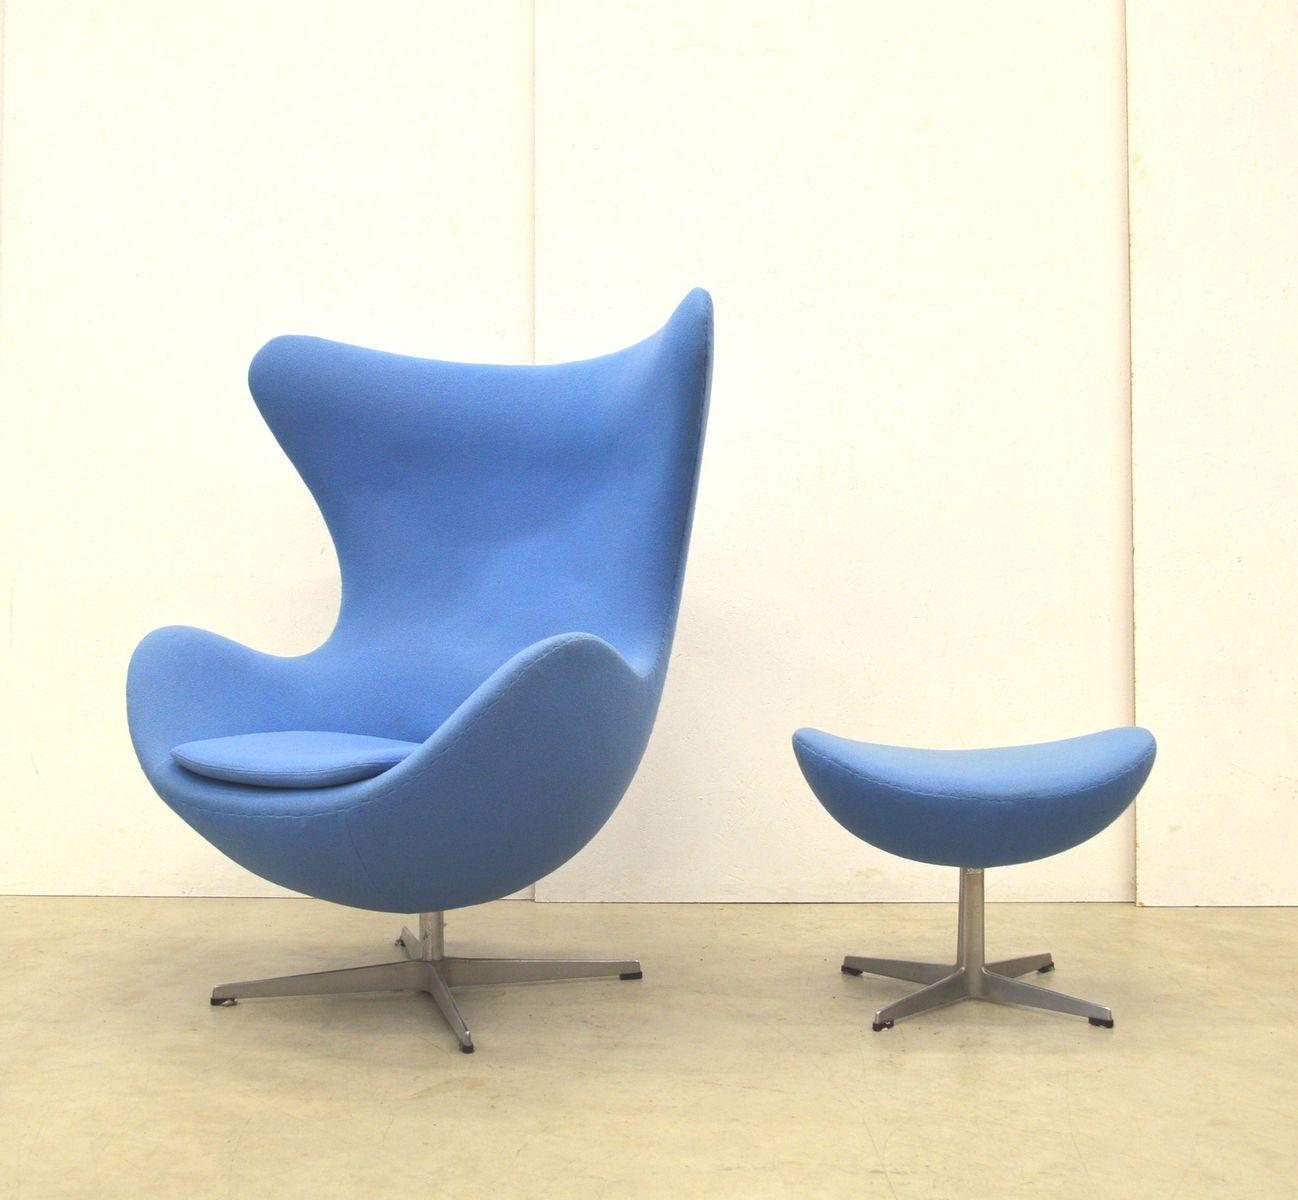 egg chair ottoman by arne jacobsen for fritz hansen. Black Bedroom Furniture Sets. Home Design Ideas
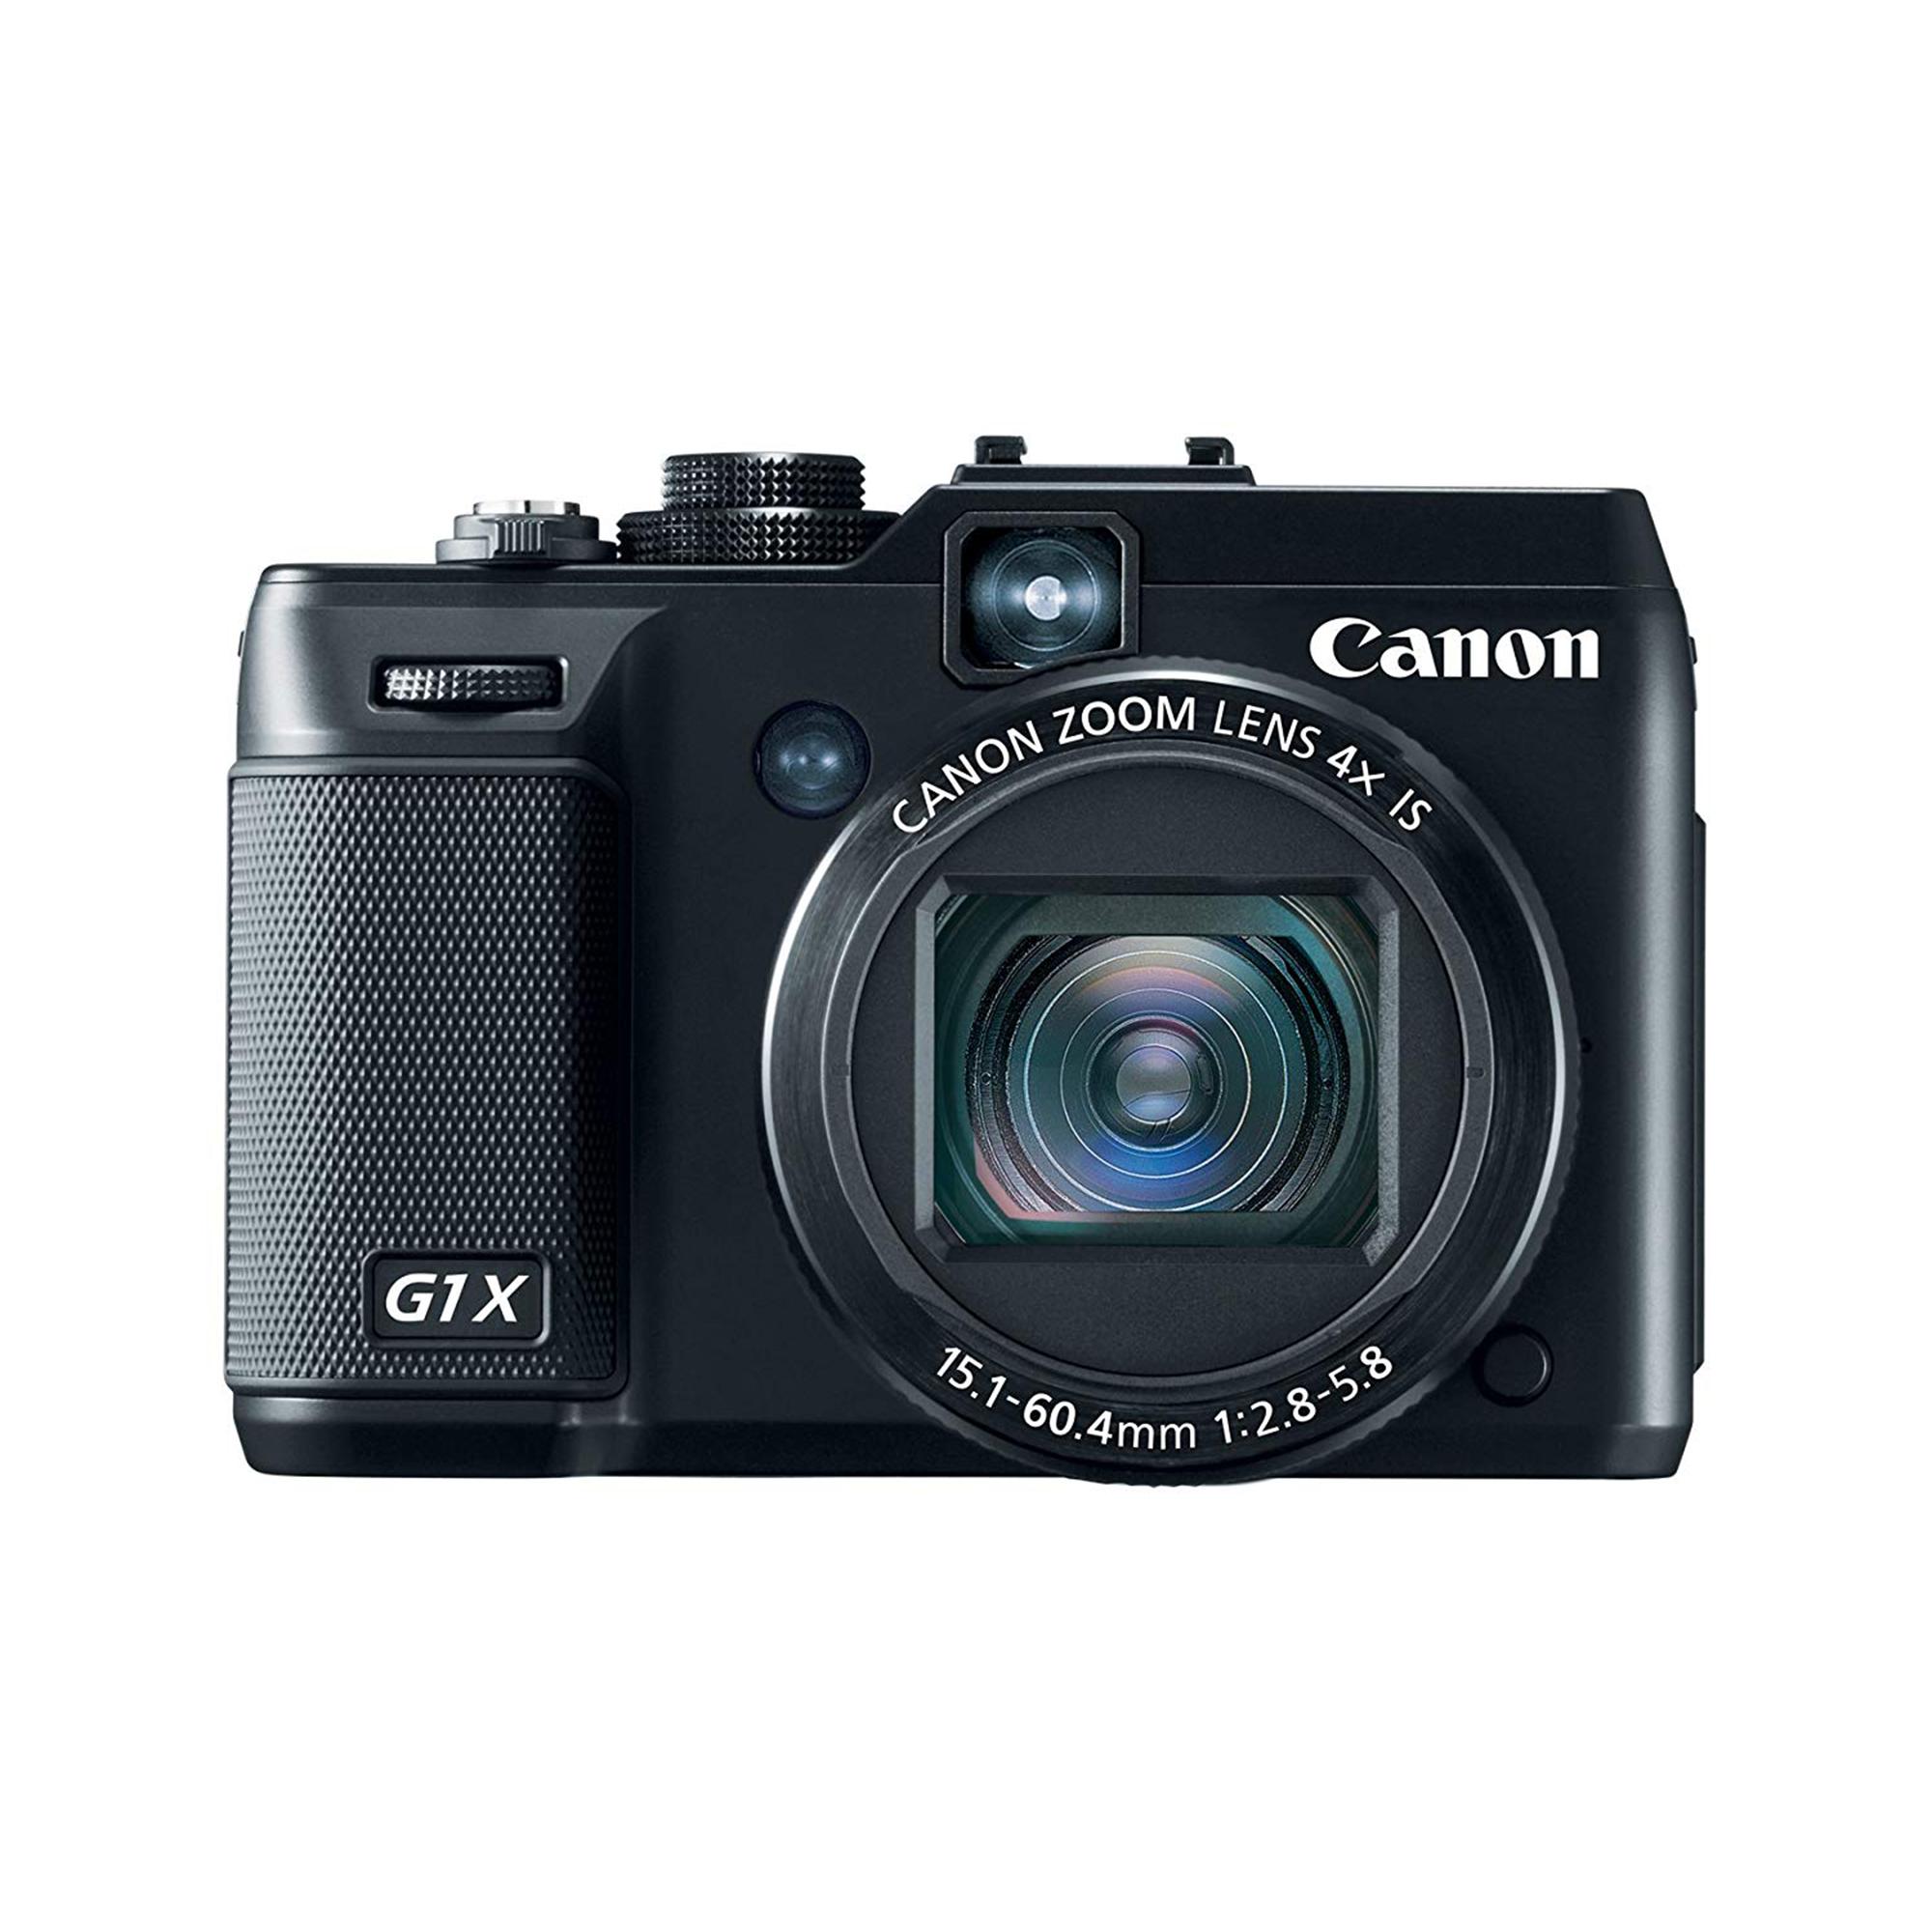 Canon Powershot G1X Digital Camera
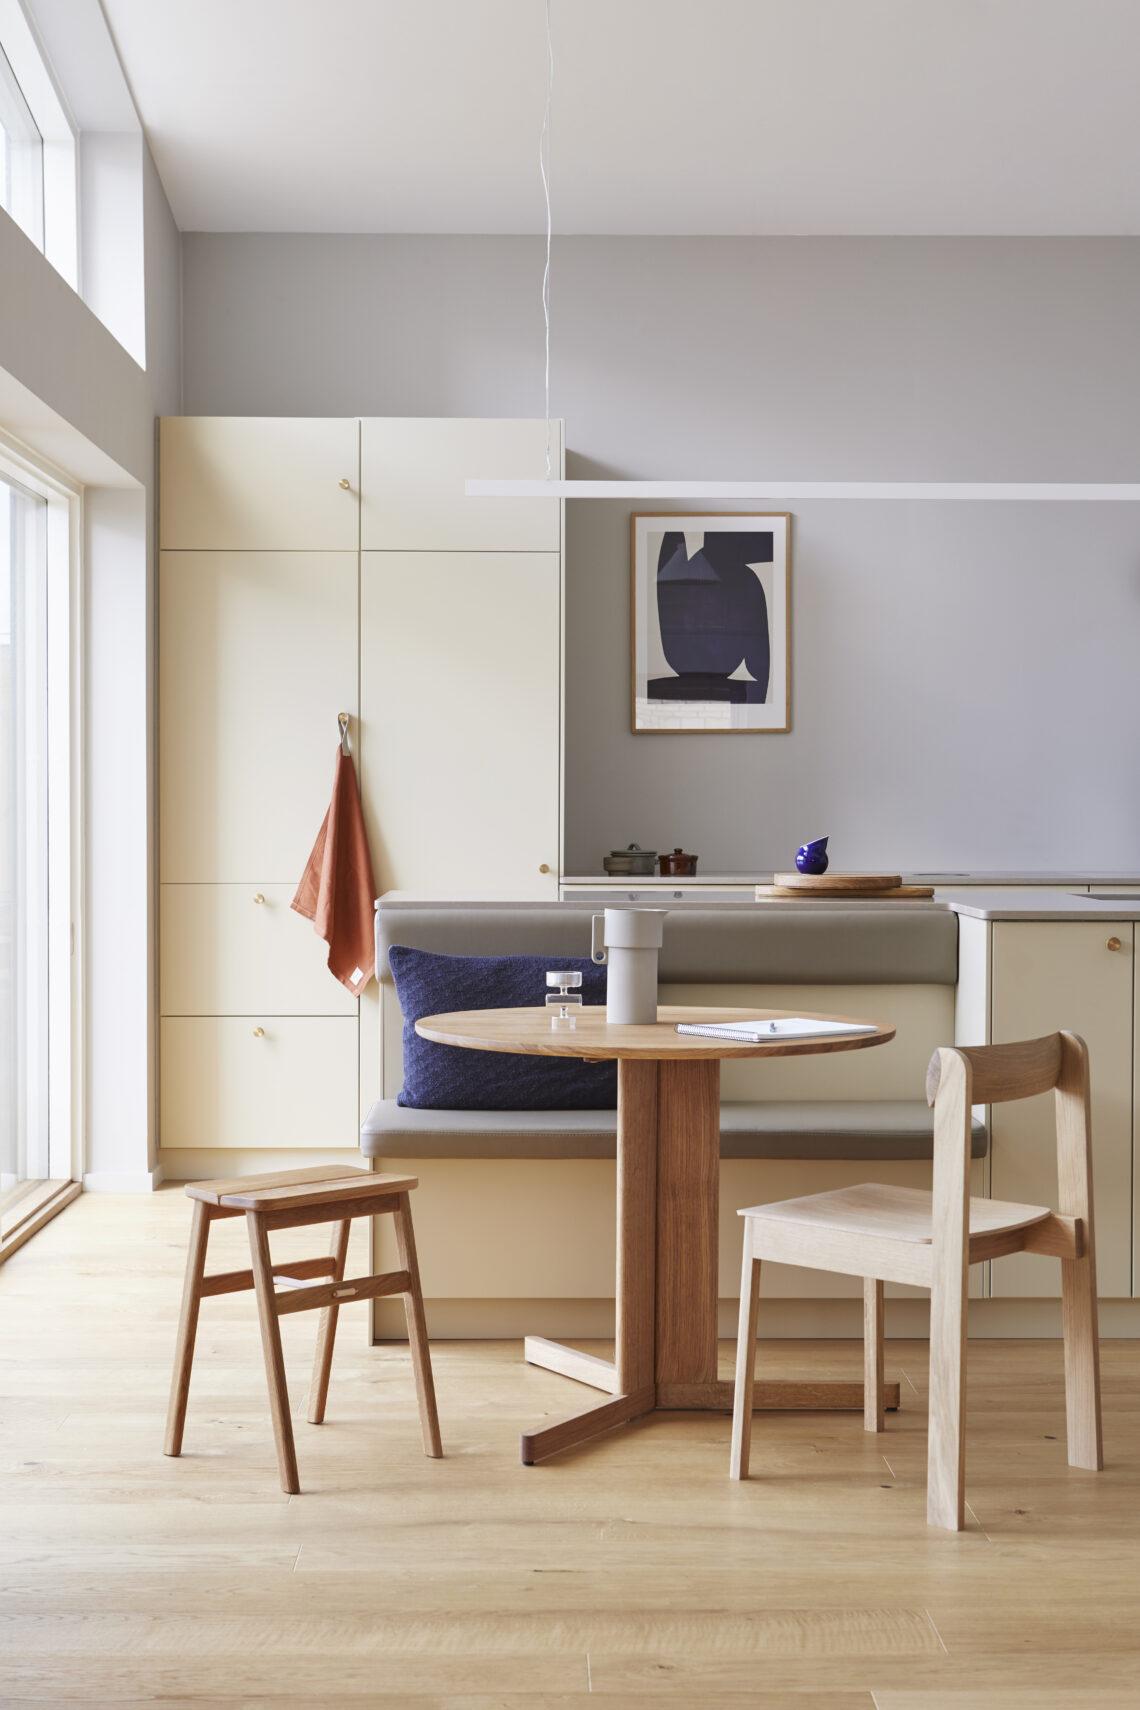 Form and refine Angle stool kruk eiken, Blueprint stoel eiken, Trefoil tafel rond
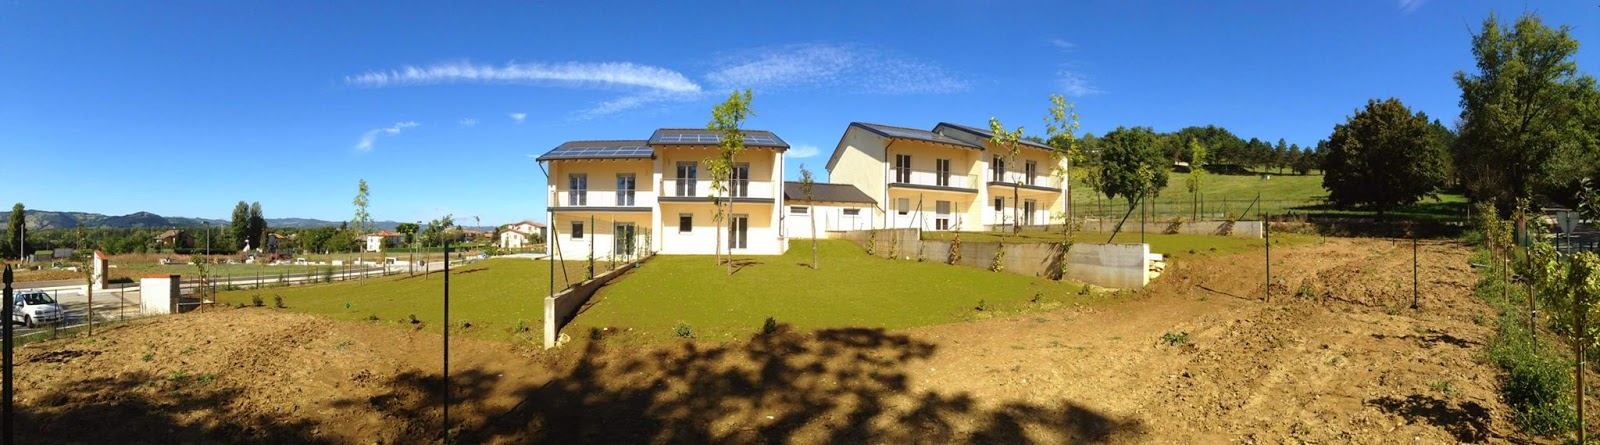 Abitazioni in legno - GM Costruzioni

WHAT THE EXERCISE ASKS: Everything from the line containing "Canon Powershot G1X Digital Camera" to the final line of the listing above, both ends included, should be transcribed word for word, except for the pictures.

RESPONSE:
 Canon Powershot G1X Digital Camera
 Form and refine Angle stool kruk eiken, Blueprint stoel eiken, Trefoil tafel rond
 Abitazioni in legno - GM Costruzioni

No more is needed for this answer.